Молча, с усилием заглушая кипящую ярость, слушал Чарнецкий хвалебную речь и приглашение Богдана. Среди Козаков начинали раздаваться то там, то сям громкие восклицания... Положение Чарнецкого делалось щекотливым; но, имея в виду ужасное положение своего войска, ему ничего не оставалось, как делать вид, что он принимает все это за чистую монету, а потому он и поспешил ответить с достоинством:
— Войско козацкое всегда известно было всем своею храбростью, а потому общество его никакому воину не может составить бесчестья.
— Клянусь честью, да! — вскрикнул гордо Богдан, окидывая собрание вспыхнувшим взглядом, и потом тотчас же прибавил, чтобы побороть охватившую его вспышку: — Но и польское сражалось сегодня недурно. Вот за славу и храбрость пана полковника, первого предводителя польского, которого мы теперь принимаем в своем лагере, я и хочу осушить добрый келех вина! Гей, джуры! — хлопнул он в ладоши. — Вина сюда, еды и меду! Оповестить моих чигиринцев, чтоб воздавали каждый раз ясу из рушниц (салют), когда мы будем подымать свои кубки!
Хотя в словах Богдана заключалось, казалось, только искреннее восхищение, но, несмотря на это, и старшина, и Чарнецкий сразу поняли глубокую иронию, заключавшуюся в них.
Чарнецкий закусил губу, чтобы не дать прорваться потоку бешеной злобы, овладевавшей им больше и больше.
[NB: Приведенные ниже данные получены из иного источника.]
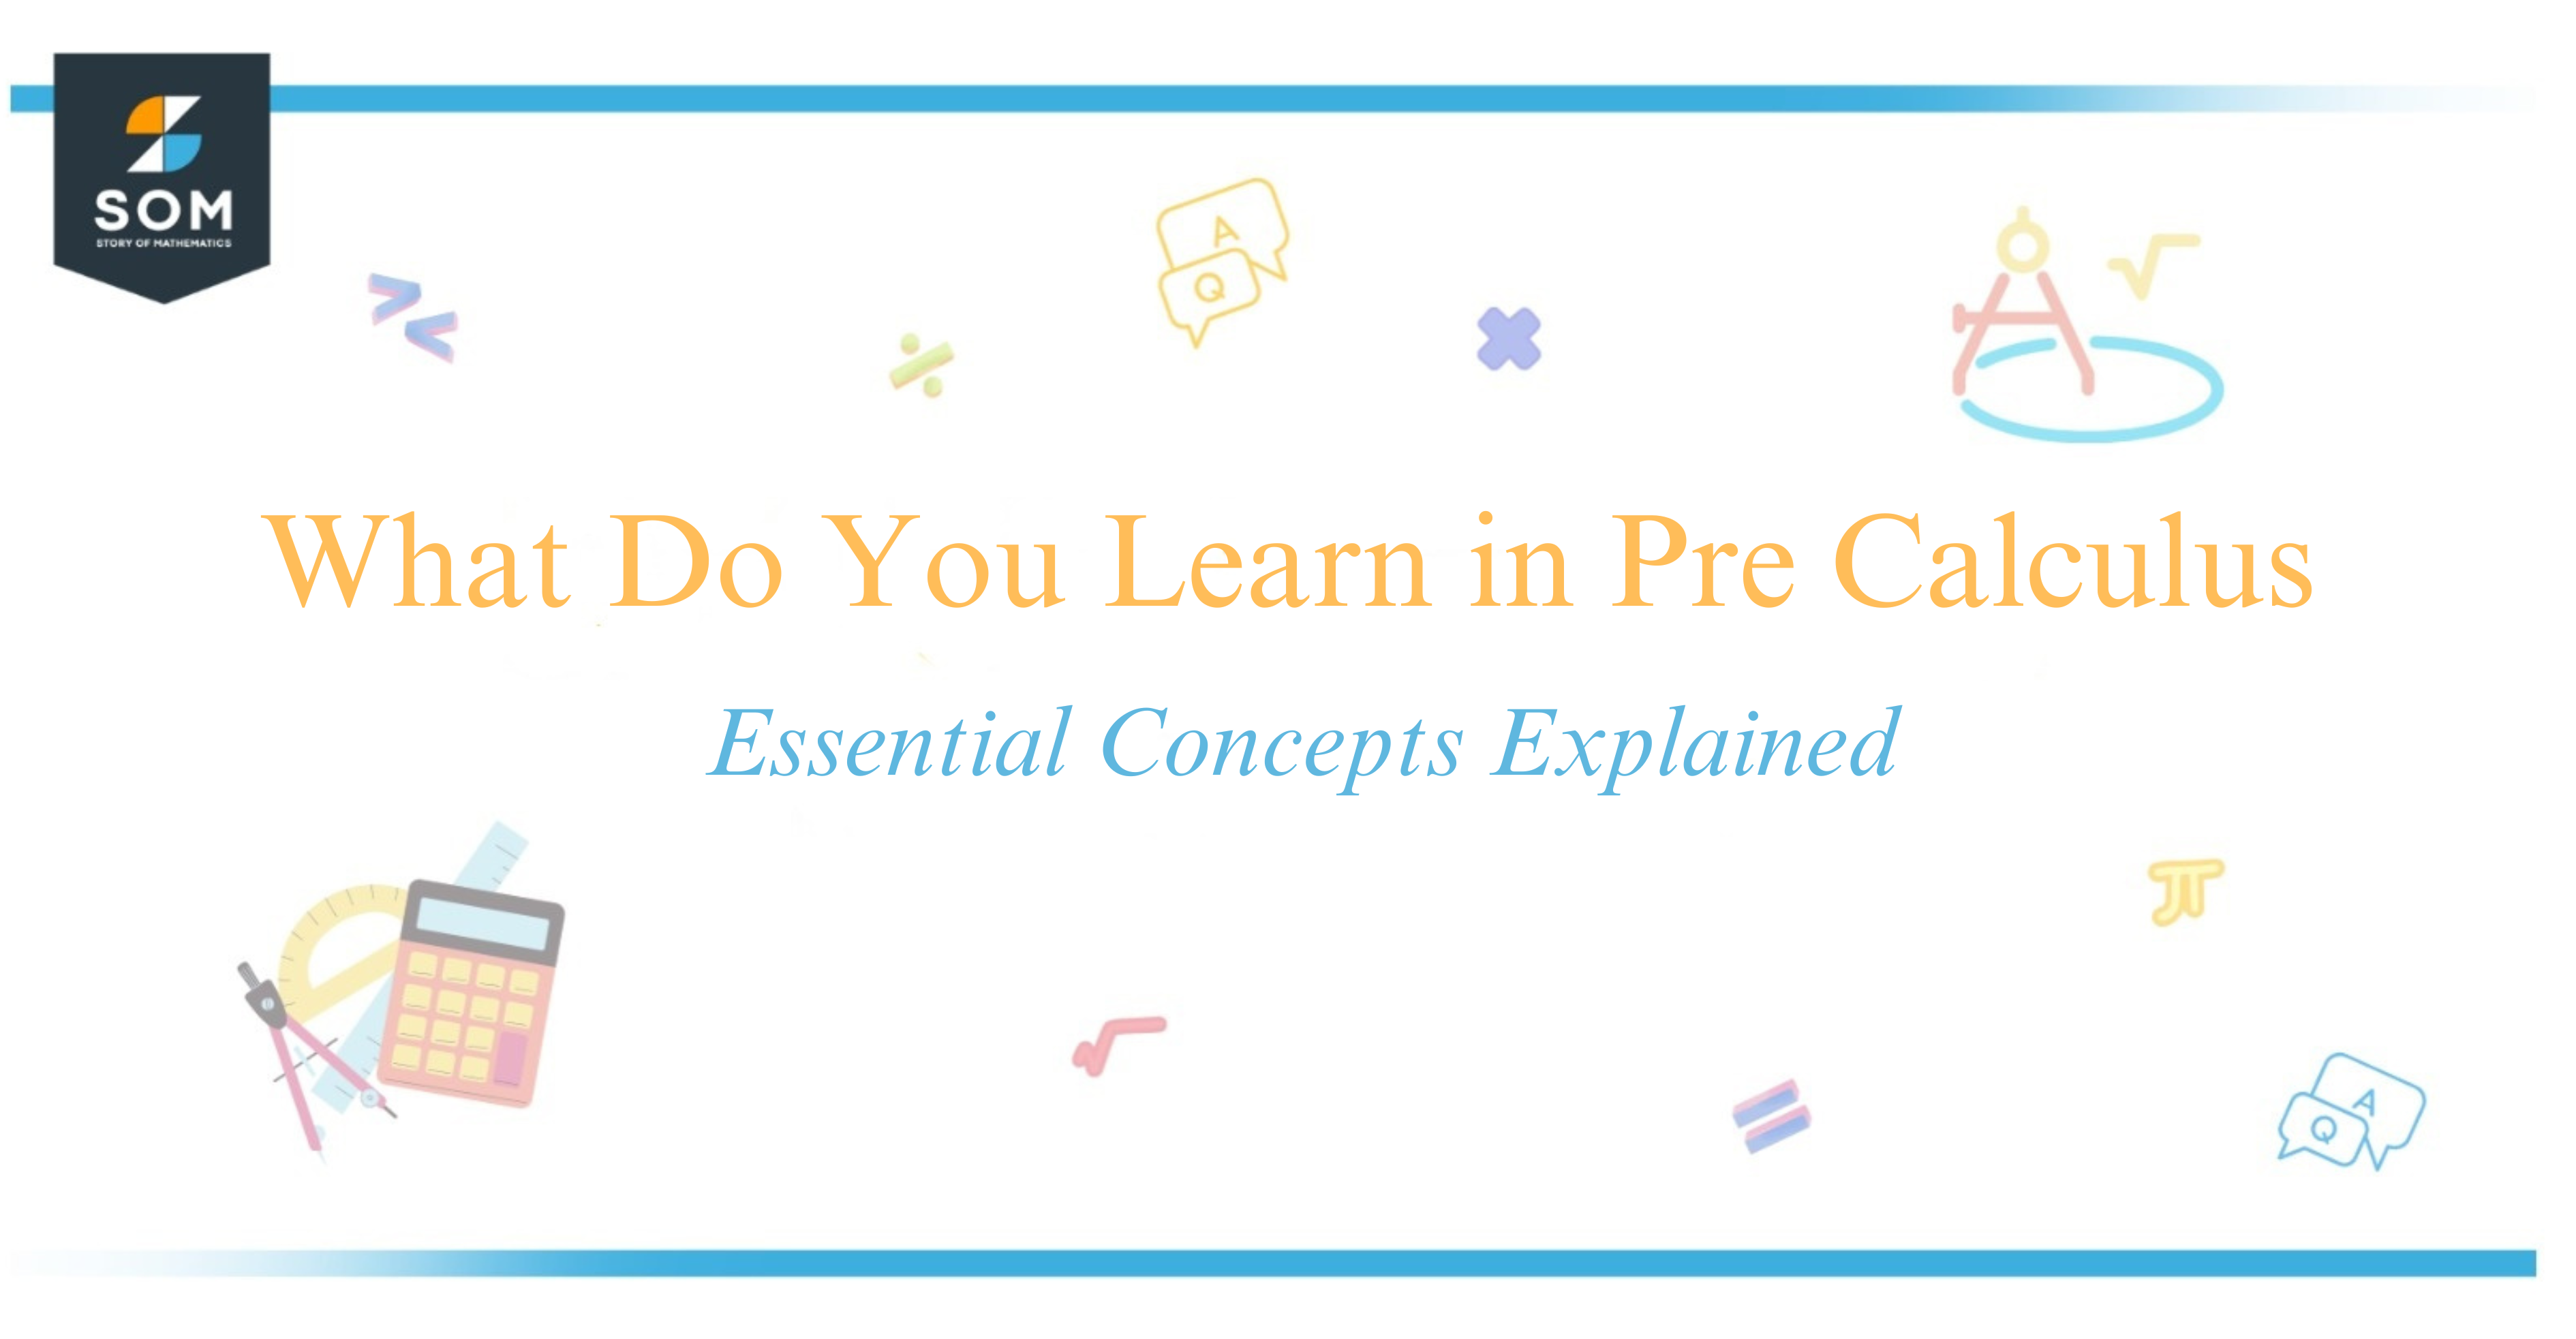 What Do You Learn in Pre Calculus Essential Concepts Explained

«Первый польский предводитель — и в стан мятежников послан... просителем мира... Гм, недурно сказано... Но погоди, подлый хлоп, все это я припомню тебе! — стискивал он в бессильном бешенстве зубы. — Что ж, пожалуй, можно и сесть пировать с вами, лишь бы продлить время. Ха-ха! Опьяненные первой победой, вы совершенно потеряли голову и уверены в полном бессилии врага. Пируйте, пируйте! А тем временем гонец наш уже скачет к гетманам и, пока вы здесь наслаждаетесь своим торжеством над нами, подойдет коронное войско; тогда уж мы поговорим по-своему с вами: не так, как говорите вы теперь».
Тем временем столы уставили огромными блюдами, наполненными дичью, жареною бараниной, рыбой, кувшинами, фляжками и дорогими кубками. Приготовивши все для пира, джуры остановились у входа, ожидая приказаний гостей.
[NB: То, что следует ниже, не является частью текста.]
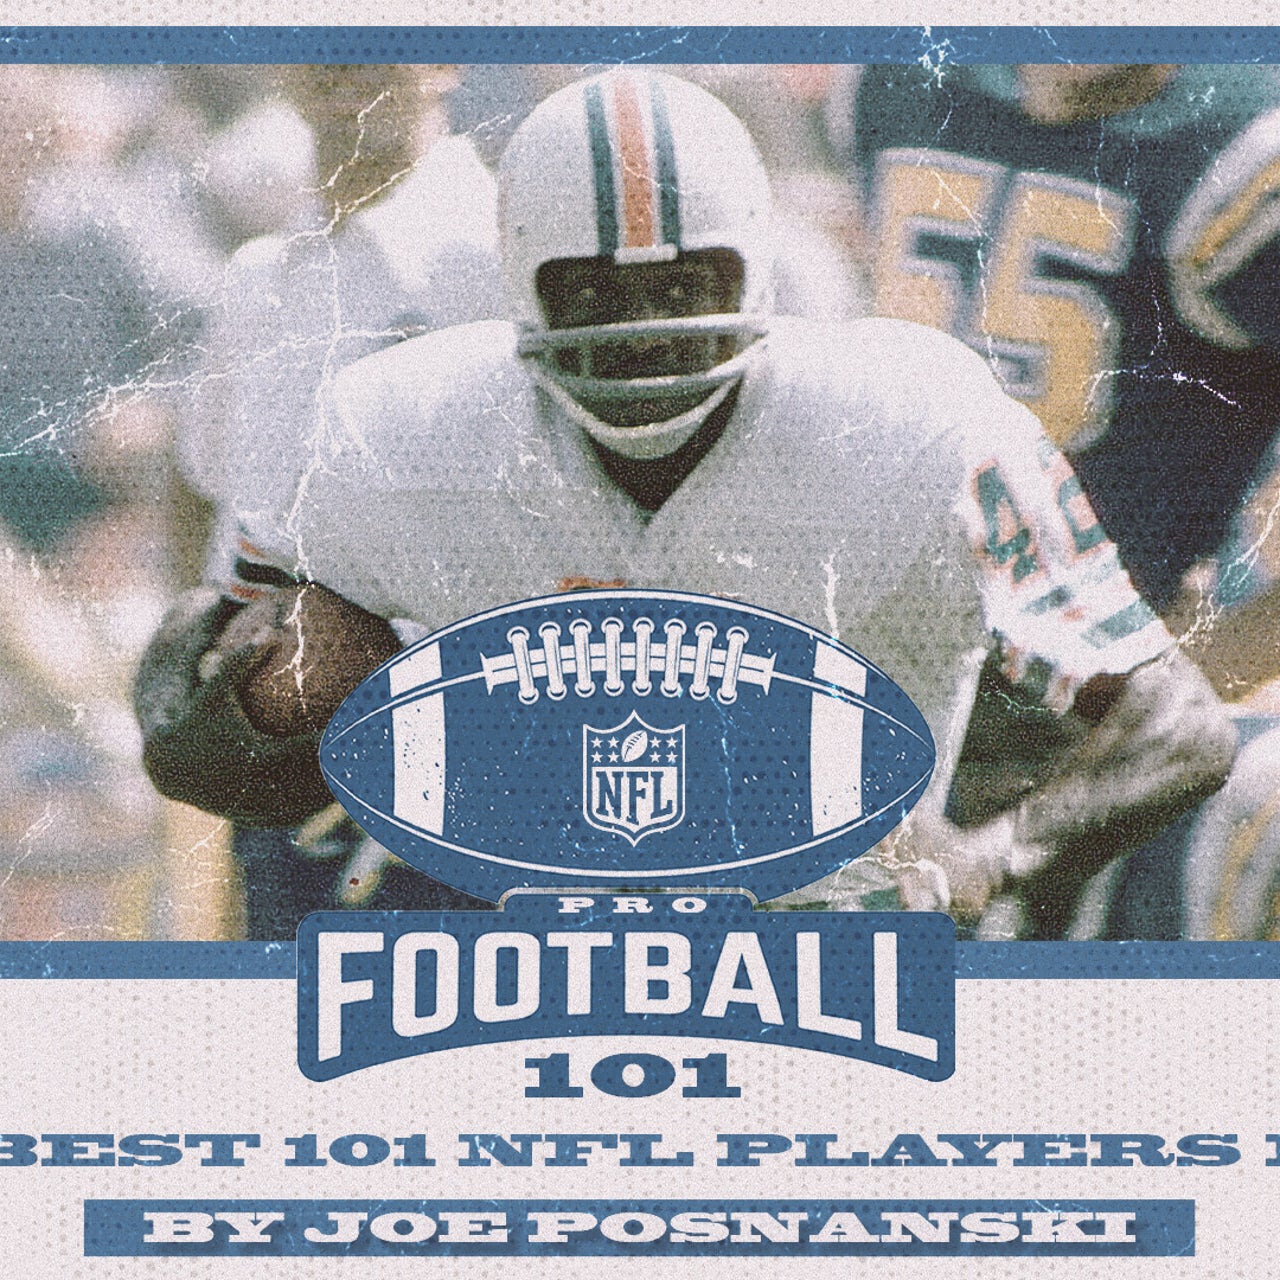 Paul Warfield - Dolphins, Browns, Memphis Southmen (WFL), BUCKEYES.

— Вельможный пане и славное товарыство, — обратился ко всем Богдан, — прошу всех на хлеб радостный.
Все с шумом начали размещаться. На челе у стола поместился Богдан, по правую руку его Чарнецкий, а по левую — Кречовский.
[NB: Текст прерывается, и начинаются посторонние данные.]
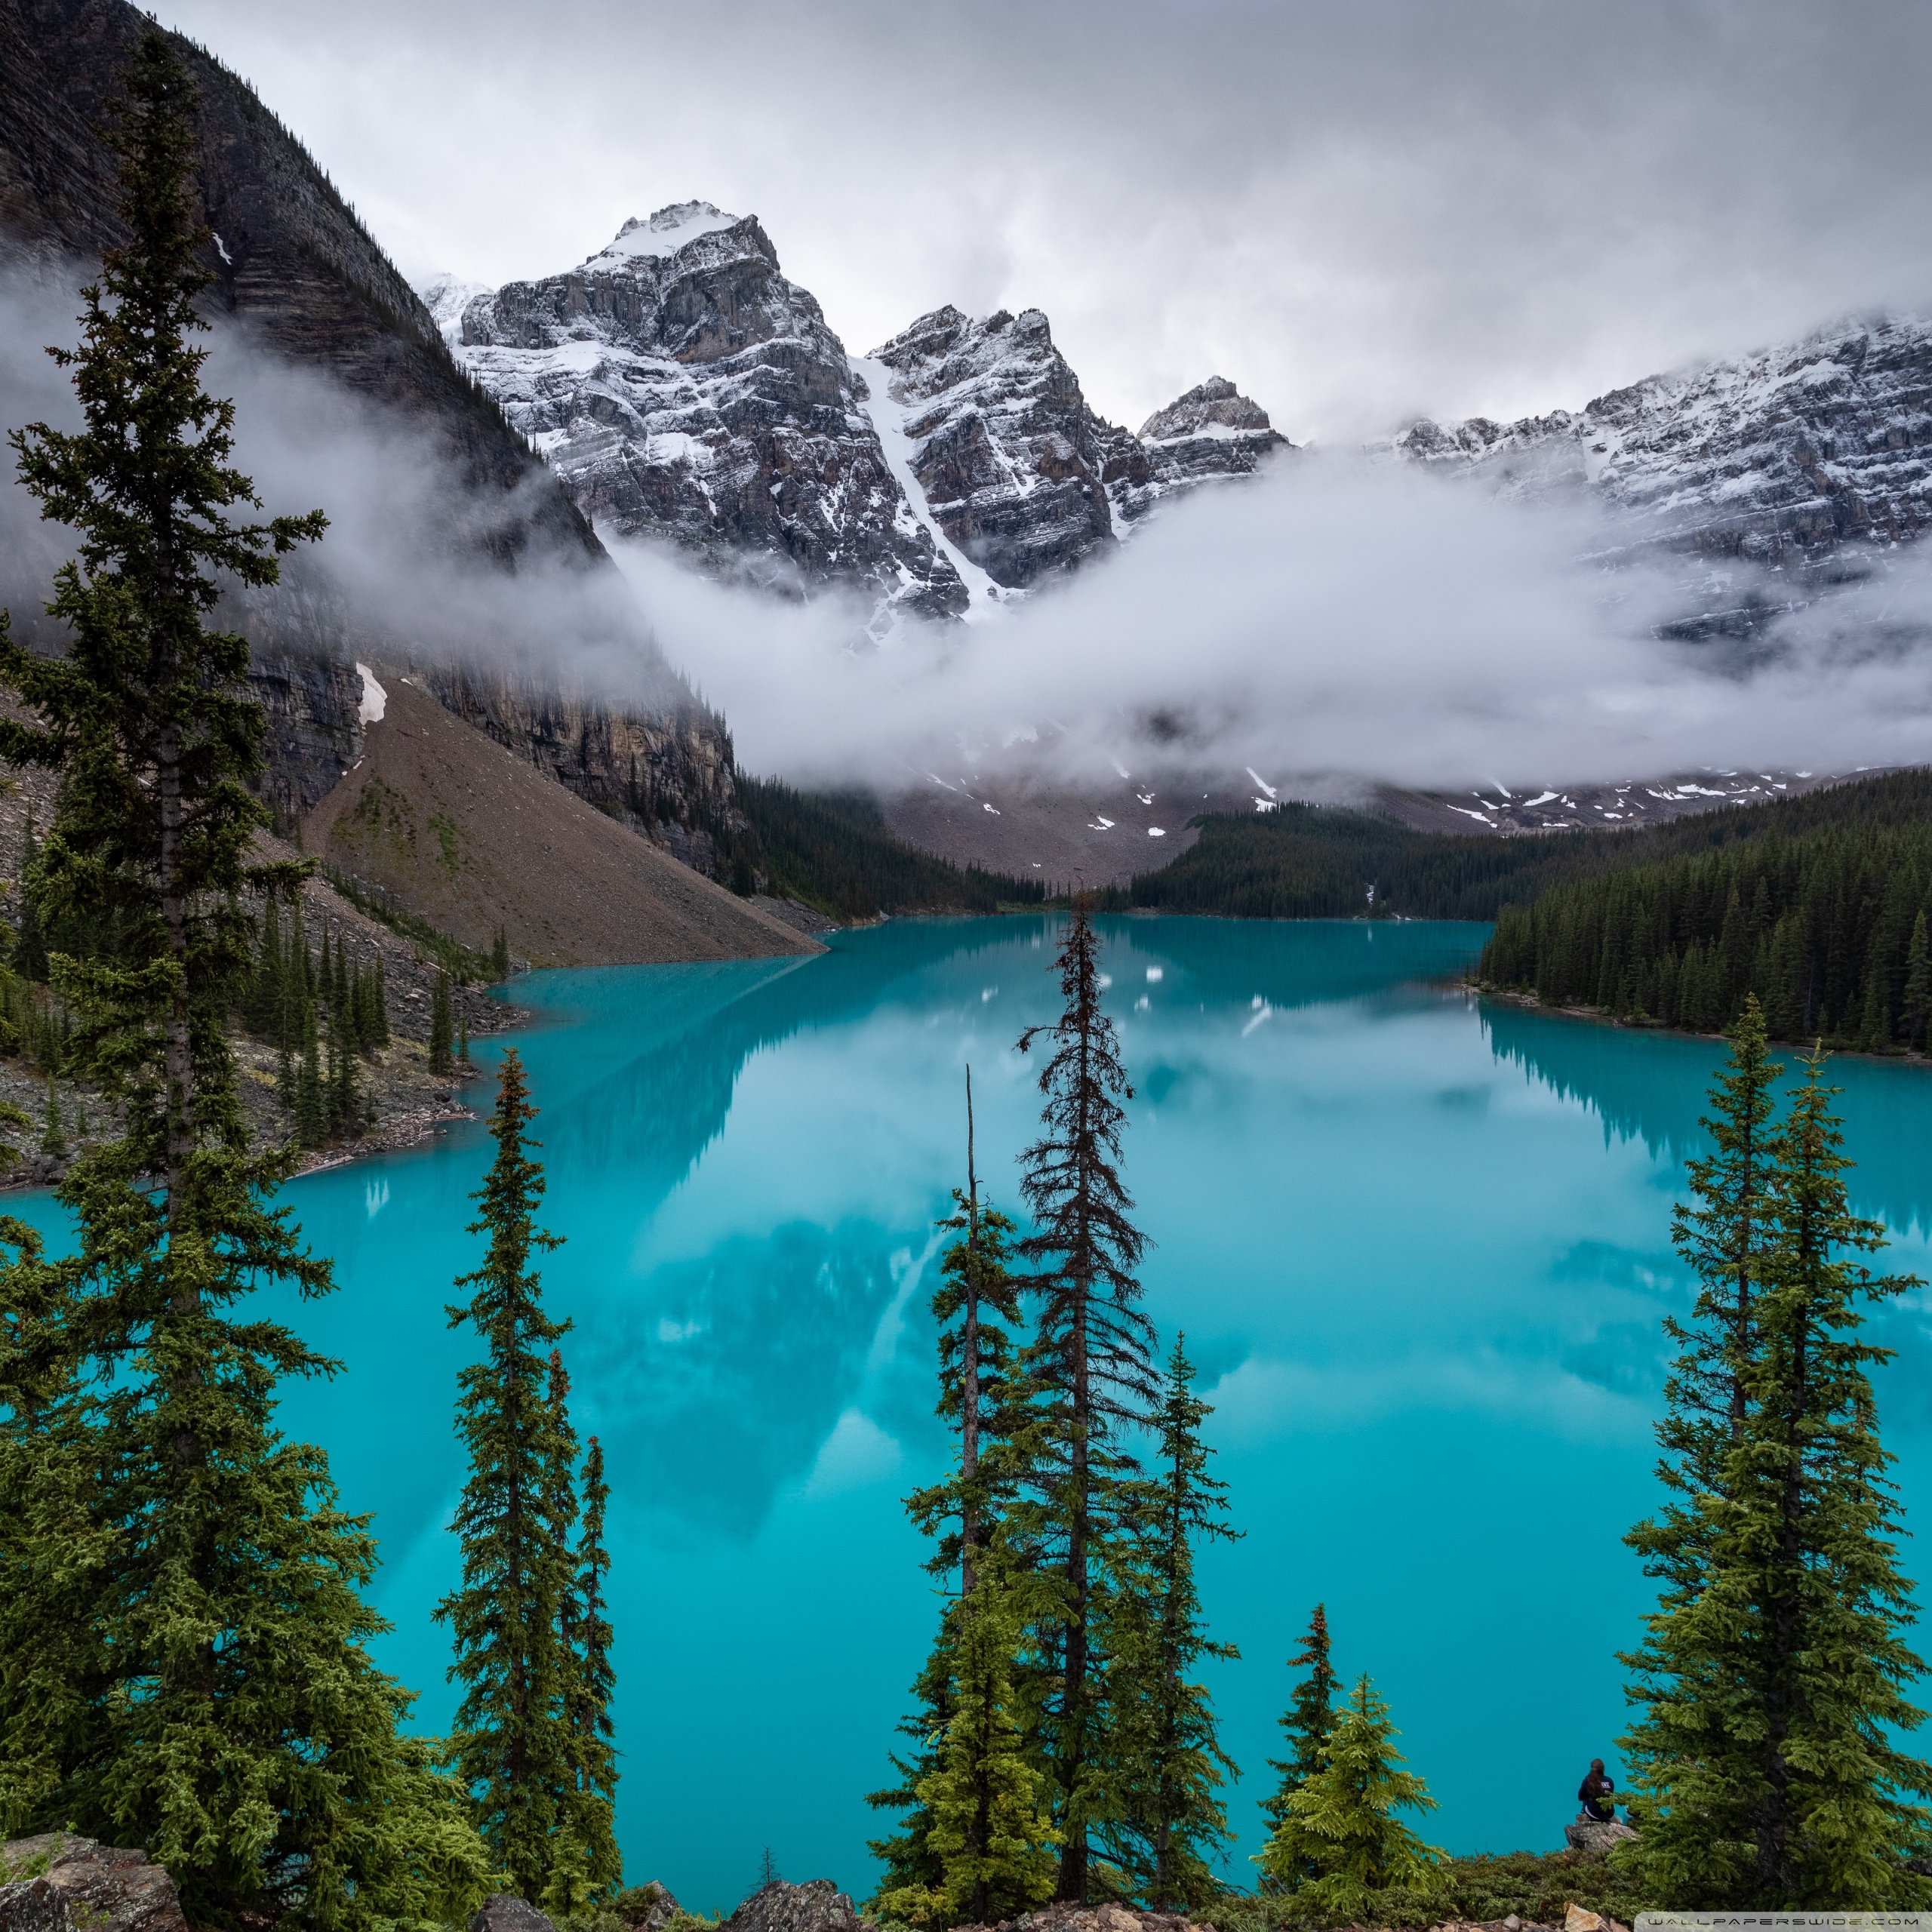 Moraine Lake Canadian Rockies Drone View Wallpapers

Чарнецкий поднял глаза и вдруг встретился взглядом с Кречовским.
«Хлоп подлый, лжец, клятвопреступник, изменник!» — хотел было он вскрикнуть, но только сжал до боли эфес сабли рукою и, стиснув зубы, бросил на Кречовского полный ненависти и презрения взгляд.
Кречовский встретил его с легонькою улыбкой, игравшей вокруг его тонких губ. Чарнецкий вспыхнул весь багровыми пятнами и отвернулся в сторону; остальные старшины сидели все вокруг стола, как попало; оттененные яркою краской жупанов, их суровые, исполосованные рубцами лица дышали своею величественною силой и простотой. Чуялось сердцем, что это великая народная сила, поднятая одною общею идеей за свою народность, за право существования на земле.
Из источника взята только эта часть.